For each line of the data below that contains "model", return that line.

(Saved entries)

· · · ·

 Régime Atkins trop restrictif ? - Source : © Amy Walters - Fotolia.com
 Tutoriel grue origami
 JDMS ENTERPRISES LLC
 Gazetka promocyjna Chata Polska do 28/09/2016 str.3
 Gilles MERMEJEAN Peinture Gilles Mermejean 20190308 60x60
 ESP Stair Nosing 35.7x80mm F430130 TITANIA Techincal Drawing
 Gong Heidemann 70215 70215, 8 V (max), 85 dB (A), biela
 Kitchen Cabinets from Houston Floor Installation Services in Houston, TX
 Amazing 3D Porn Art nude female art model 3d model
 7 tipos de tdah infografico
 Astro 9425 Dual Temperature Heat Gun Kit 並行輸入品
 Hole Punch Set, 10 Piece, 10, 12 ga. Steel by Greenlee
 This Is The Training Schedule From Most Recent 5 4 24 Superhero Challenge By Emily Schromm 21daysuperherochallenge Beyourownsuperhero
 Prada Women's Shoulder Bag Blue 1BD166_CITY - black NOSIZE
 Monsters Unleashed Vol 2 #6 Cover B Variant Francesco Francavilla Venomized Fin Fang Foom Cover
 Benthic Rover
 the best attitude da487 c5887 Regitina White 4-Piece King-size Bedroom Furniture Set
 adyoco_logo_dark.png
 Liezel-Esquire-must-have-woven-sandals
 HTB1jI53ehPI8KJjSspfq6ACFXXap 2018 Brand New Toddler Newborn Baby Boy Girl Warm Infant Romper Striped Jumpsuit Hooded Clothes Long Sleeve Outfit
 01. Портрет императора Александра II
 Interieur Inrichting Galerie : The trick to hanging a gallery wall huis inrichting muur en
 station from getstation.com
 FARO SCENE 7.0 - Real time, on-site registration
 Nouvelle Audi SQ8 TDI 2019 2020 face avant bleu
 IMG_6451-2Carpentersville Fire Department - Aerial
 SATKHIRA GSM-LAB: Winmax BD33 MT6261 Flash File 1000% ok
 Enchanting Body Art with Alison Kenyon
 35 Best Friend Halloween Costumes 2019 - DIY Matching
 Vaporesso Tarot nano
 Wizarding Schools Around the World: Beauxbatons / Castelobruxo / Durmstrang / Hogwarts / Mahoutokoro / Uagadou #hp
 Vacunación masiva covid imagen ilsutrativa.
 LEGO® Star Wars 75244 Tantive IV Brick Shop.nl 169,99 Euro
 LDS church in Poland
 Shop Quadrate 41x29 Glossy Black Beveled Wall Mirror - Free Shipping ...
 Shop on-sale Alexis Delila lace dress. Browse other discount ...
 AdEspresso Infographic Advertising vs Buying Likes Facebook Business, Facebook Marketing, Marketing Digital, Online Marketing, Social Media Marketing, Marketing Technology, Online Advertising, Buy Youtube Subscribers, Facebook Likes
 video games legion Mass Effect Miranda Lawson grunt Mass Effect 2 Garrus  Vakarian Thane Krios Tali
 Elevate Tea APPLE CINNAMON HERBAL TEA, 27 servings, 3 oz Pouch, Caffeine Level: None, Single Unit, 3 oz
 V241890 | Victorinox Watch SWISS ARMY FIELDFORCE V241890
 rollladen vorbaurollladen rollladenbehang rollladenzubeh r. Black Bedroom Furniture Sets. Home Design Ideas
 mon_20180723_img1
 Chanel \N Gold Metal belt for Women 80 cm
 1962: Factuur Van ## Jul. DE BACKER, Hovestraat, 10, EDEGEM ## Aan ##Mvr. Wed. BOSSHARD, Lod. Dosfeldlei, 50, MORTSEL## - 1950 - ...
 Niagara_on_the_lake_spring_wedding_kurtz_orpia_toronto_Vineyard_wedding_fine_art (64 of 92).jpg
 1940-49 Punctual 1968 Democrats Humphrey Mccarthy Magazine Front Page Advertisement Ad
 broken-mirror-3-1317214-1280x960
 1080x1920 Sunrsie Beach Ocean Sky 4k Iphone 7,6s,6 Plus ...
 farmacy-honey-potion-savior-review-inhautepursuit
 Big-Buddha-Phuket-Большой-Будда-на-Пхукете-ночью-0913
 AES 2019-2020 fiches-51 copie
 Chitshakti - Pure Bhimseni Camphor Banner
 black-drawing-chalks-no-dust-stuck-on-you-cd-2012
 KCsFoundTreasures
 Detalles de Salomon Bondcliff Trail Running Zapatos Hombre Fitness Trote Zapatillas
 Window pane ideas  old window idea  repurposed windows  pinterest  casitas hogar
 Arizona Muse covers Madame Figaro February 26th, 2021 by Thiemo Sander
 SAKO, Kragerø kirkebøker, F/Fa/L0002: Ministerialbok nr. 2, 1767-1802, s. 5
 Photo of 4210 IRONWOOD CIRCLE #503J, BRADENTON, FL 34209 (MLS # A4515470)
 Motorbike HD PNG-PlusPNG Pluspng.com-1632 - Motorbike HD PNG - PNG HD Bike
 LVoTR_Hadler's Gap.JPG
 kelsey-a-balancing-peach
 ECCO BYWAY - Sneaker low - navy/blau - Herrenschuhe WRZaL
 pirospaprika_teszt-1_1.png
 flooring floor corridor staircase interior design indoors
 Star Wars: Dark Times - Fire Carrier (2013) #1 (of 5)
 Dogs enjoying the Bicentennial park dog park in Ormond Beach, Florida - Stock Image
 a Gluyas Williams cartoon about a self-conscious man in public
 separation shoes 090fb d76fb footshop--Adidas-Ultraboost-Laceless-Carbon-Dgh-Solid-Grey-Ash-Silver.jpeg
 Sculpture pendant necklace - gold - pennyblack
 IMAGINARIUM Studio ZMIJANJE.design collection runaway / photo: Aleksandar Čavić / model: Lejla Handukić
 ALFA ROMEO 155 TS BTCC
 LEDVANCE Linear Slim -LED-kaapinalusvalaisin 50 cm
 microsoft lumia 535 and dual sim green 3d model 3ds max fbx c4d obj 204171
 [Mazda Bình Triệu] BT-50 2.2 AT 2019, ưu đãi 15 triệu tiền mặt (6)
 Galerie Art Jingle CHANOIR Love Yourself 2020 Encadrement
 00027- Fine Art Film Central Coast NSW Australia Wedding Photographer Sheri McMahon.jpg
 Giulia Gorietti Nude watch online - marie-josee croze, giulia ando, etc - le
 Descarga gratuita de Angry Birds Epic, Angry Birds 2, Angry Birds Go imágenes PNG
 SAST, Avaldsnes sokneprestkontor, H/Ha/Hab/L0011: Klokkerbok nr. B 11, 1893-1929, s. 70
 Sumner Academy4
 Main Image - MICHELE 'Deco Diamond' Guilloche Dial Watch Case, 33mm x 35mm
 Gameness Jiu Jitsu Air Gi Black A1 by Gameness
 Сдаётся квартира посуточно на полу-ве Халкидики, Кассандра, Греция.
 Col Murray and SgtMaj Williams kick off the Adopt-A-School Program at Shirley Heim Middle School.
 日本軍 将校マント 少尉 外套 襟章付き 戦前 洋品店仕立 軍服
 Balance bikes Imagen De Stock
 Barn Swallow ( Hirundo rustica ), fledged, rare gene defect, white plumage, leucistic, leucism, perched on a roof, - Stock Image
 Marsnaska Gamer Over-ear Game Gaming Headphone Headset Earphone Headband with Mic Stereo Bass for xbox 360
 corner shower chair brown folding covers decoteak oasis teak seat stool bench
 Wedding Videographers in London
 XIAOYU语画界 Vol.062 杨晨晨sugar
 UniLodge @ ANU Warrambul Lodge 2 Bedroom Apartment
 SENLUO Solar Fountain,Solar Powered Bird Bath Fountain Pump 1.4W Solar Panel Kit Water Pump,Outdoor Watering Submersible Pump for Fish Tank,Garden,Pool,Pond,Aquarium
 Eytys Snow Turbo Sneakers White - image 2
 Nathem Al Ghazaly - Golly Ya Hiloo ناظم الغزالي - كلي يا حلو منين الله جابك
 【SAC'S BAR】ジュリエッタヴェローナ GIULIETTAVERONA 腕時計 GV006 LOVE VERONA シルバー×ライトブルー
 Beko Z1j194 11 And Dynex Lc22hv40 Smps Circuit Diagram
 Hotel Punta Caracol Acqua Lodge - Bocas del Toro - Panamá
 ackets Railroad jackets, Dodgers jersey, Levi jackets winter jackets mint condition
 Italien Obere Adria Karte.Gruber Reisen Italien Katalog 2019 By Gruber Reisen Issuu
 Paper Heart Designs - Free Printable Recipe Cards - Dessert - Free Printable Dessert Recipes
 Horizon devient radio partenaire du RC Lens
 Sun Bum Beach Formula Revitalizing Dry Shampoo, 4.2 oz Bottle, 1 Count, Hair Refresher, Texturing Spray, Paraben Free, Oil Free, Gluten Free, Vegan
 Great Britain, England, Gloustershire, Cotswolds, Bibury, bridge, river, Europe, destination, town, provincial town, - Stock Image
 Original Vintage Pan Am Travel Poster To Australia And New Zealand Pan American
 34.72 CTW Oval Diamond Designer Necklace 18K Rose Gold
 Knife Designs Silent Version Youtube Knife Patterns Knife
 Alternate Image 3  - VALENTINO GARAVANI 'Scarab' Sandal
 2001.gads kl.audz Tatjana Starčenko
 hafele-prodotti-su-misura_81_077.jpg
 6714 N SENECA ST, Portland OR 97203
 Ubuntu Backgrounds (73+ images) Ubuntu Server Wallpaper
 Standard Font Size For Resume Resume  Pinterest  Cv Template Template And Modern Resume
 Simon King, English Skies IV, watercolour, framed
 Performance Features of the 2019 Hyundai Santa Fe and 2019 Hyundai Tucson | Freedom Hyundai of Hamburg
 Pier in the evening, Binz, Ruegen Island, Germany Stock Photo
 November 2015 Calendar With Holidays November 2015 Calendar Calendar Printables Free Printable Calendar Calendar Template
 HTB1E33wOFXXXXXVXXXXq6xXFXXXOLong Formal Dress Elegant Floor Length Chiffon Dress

· · · ·

> Reply to the exercise
 Amazing 3D Porn Art nude female art model 3d model
 IMAGINARIUM Studio ZMIJANJE.design collection runaway / photo: Aleksandar Čavić / model: Lejla Handukić
 microsoft lumia 535 and dual sim green 3d model 3ds max fbx c4d obj 204171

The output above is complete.